The data:
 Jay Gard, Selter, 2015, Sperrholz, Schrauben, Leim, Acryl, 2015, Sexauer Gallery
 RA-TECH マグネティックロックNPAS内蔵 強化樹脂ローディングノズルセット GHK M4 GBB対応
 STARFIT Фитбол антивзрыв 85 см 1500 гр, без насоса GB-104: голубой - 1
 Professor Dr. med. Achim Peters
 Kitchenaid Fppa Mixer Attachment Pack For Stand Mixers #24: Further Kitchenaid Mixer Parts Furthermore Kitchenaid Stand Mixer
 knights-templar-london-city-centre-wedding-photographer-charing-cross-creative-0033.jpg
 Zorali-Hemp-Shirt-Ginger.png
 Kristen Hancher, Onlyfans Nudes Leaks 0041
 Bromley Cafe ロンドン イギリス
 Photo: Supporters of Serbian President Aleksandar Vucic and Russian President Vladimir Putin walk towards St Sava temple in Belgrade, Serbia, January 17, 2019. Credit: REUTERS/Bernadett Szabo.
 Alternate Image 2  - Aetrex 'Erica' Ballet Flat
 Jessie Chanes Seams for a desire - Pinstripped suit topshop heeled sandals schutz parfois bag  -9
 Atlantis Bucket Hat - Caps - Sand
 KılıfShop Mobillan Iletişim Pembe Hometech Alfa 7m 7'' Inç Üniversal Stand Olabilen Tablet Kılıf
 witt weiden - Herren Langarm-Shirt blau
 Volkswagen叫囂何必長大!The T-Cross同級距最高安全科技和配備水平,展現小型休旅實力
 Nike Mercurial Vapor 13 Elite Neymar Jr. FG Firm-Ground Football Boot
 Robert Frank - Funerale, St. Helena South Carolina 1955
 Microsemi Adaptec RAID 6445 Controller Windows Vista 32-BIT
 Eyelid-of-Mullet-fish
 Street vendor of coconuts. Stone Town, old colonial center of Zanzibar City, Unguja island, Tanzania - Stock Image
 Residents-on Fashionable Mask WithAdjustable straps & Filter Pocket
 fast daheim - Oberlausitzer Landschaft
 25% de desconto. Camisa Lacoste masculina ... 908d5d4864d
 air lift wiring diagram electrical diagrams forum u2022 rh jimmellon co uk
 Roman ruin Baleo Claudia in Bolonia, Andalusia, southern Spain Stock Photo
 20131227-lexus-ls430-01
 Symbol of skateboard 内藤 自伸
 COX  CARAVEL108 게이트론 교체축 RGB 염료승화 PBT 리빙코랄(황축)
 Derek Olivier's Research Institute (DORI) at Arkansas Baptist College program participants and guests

Description of the task: Restate, without alteration, the lines of the material above that begin at the one containing "Alternate Image 2" and run through its last line.

Solution to this task:
 Alternate Image 2  - Aetrex 'Erica' Ballet Flat
 Jessie Chanes Seams for a desire - Pinstripped suit topshop heeled sandals schutz parfois bag  -9
 Atlantis Bucket Hat - Caps - Sand
 KılıfShop Mobillan Iletişim Pembe Hometech Alfa 7m 7'' Inç Üniversal Stand Olabilen Tablet Kılıf
 witt weiden - Herren Langarm-Shirt blau
 Volkswagen叫囂何必長大!The T-Cross同級距最高安全科技和配備水平,展現小型休旅實力
 Nike Mercurial Vapor 13 Elite Neymar Jr. FG Firm-Ground Football Boot
 Robert Frank - Funerale, St. Helena South Carolina 1955
 Microsemi Adaptec RAID 6445 Controller Windows Vista 32-BIT
 Eyelid-of-Mullet-fish
 Street vendor of coconuts. Stone Town, old colonial center of Zanzibar City, Unguja island, Tanzania - Stock Image
 Residents-on Fashionable Mask WithAdjustable straps & Filter Pocket
 fast daheim - Oberlausitzer Landschaft
 25% de desconto. Camisa Lacoste masculina ... 908d5d4864d
 air lift wiring diagram electrical diagrams forum u2022 rh jimmellon co uk
 Roman ruin Baleo Claudia in Bolonia, Andalusia, southern Spain Stock Photo
 20131227-lexus-ls430-01
 Symbol of skateboard 内藤 自伸
 COX  CARAVEL108 게이트론 교체축 RGB 염료승화 PBT 리빙코랄(황축)
 Derek Olivier's Research Institute (DORI) at Arkansas Baptist College program participants and guests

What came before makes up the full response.